As it turns out, that was the easy part.
7. Our knowledge of politics is at an all-time low
While the Oh My God, What a Complete Aisling Facebook page has become backlogged with requests, Emer and Sarah are still fielding applications. To enter, you must answer this one simple question...
8. Masculinity is a tricky subject
John Lloyd (Not the Nine O’Clock News), Emmet Kirwan (Dublin Oldschool) and Philip Hensher (The Friendly Ones) took on the difficult task of discussing masculinity in Ireland today.
From the point of view of a young wordsmith, an established TV presenter and a gay novelist, the three discussed representations of masculinity in the entertainment industry, the prevalence of the male gaze in literature, recent changes in society, the wording of the constitution and how fatherhood has evolved since the previous generation.
Navigating murky water, the trio handled a vague and sometimes precarious subject with skill and consideration.
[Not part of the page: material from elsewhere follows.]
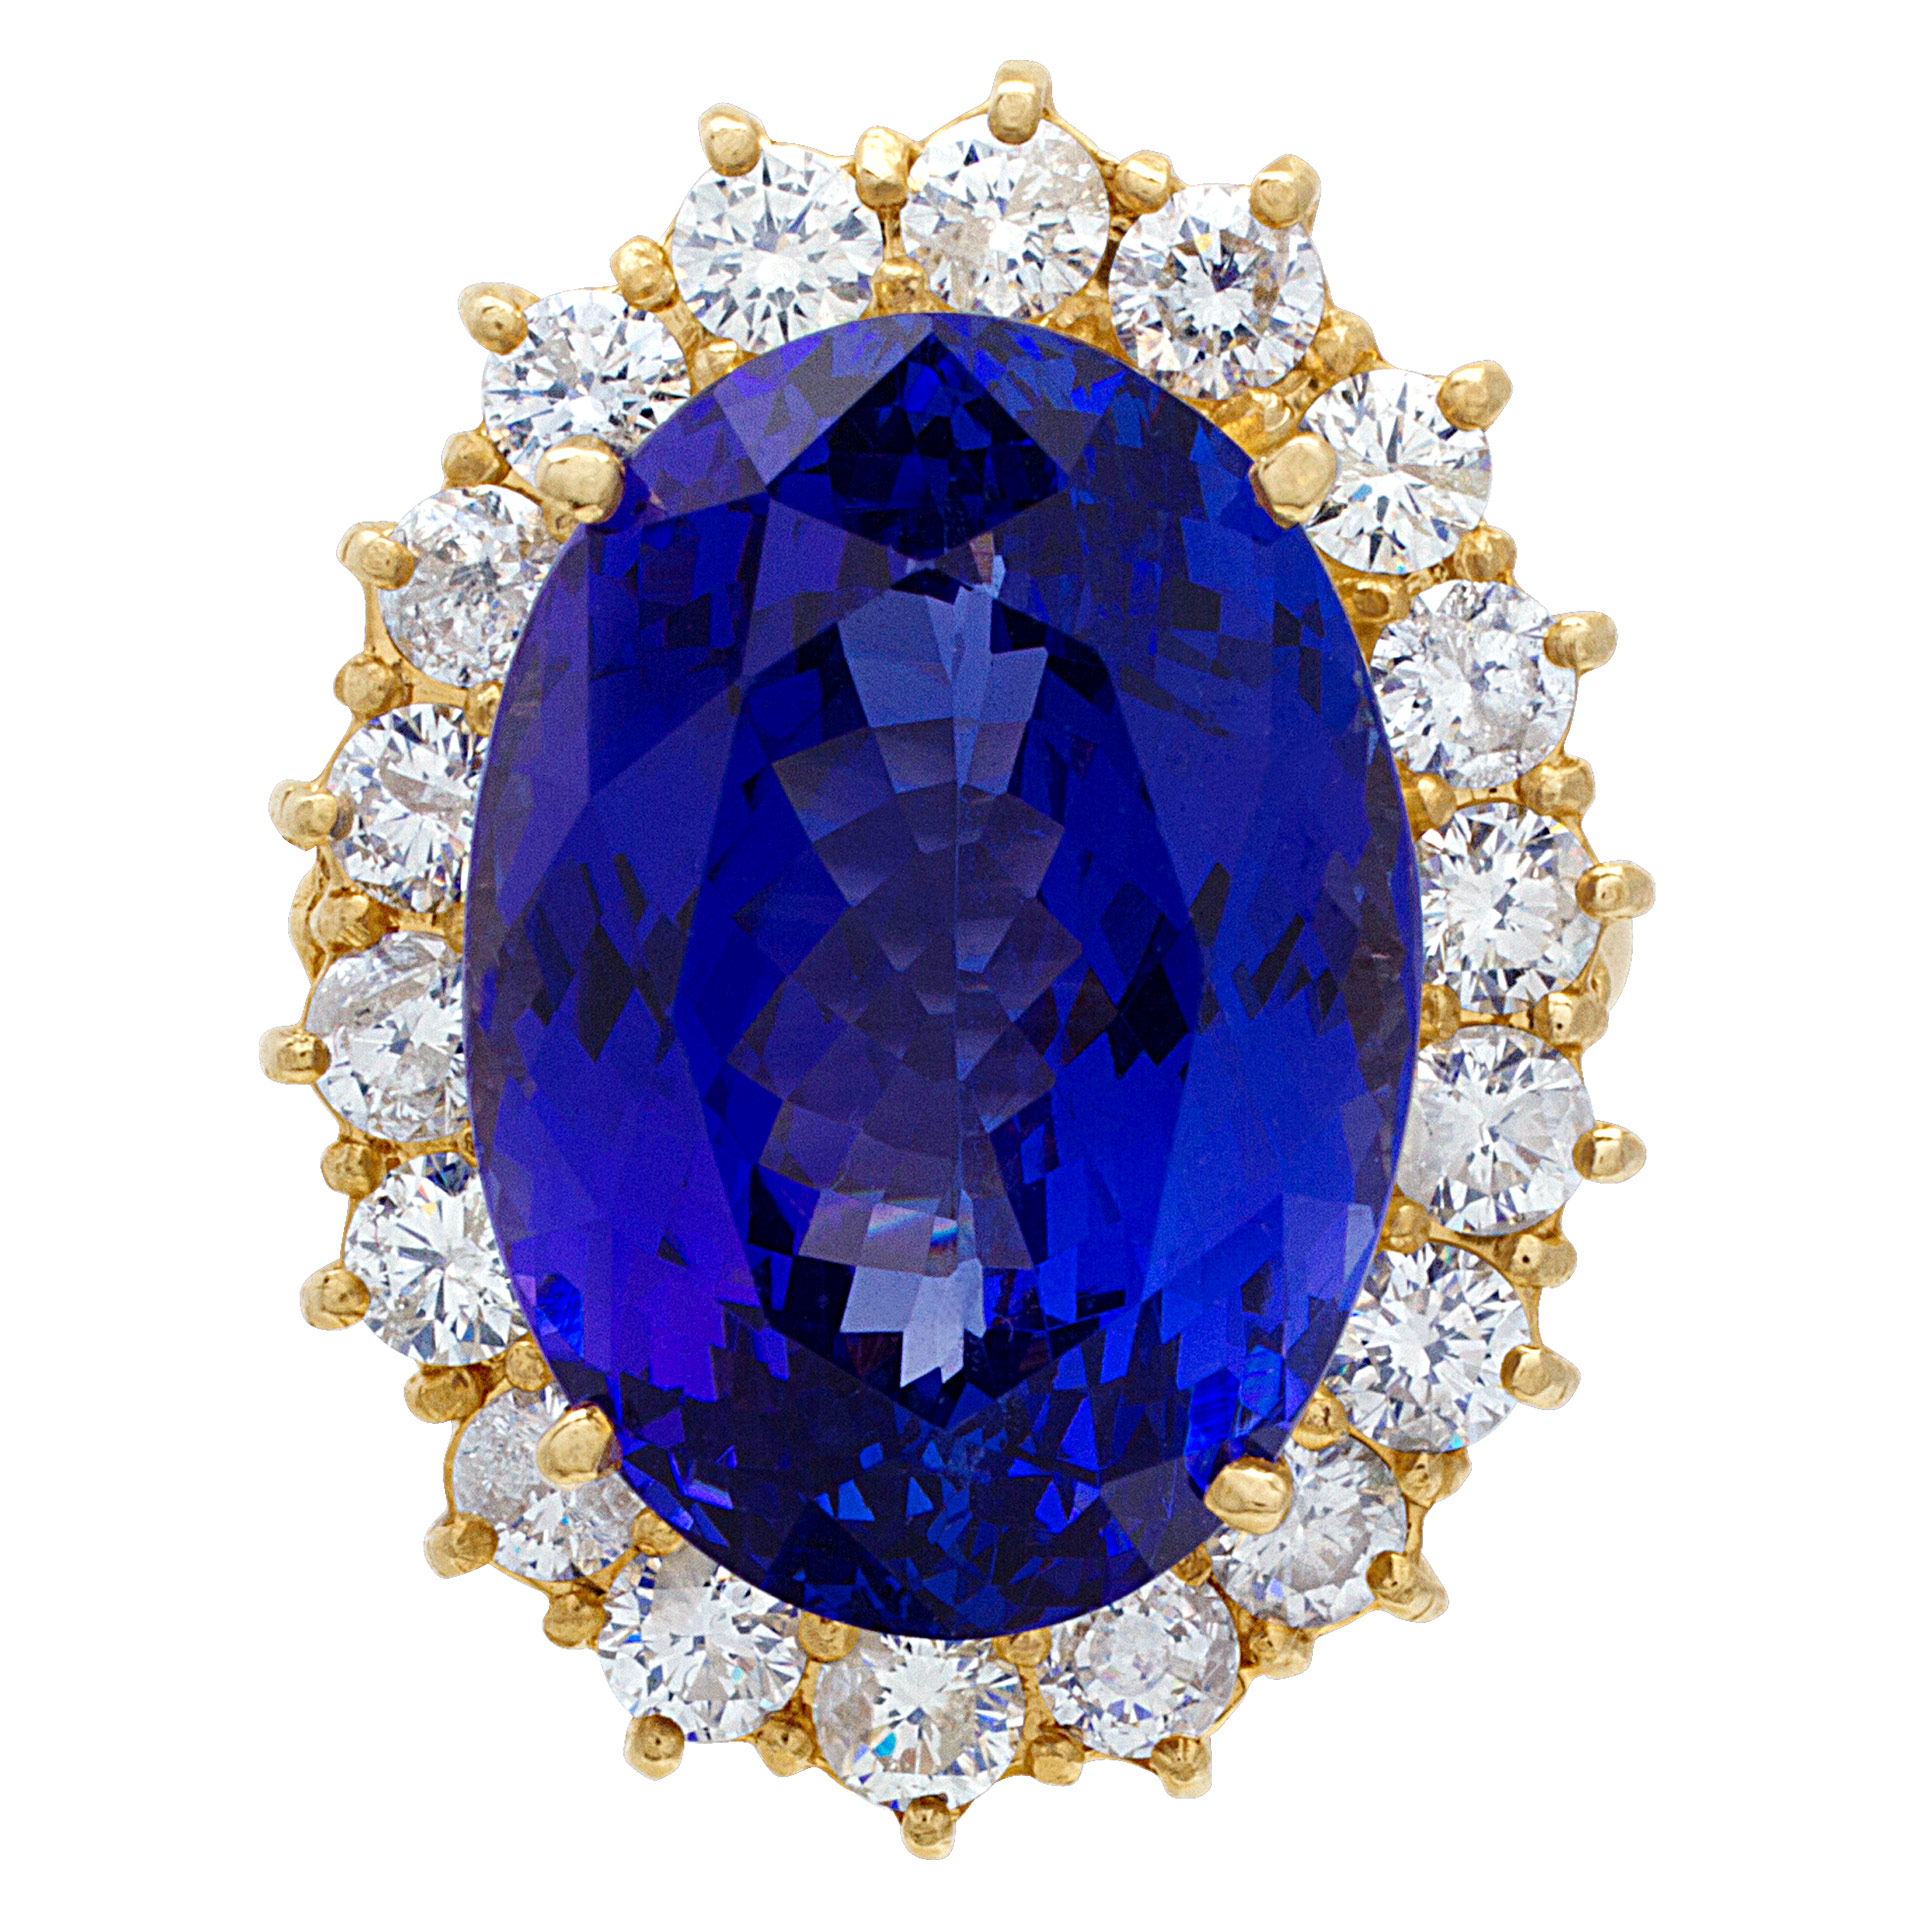 Tanzanite and diamond ring in 14k gold with approx. 25 carats tanzanite

9. Cillian Murphy is just one of the lads
One of the most notable features of the festival is the lack of VIP areas. In Borris, the artists and audience intermingle as they attend signings, readings, pubs and the chipper side by side.
We saw Bob Geldof stroll around Borris House, tried not to stare as Margaret Atwood tapped away on her laptop over breakfast and absolutely stared when Cillian Murphy strolled up to the bar for his round with the lads.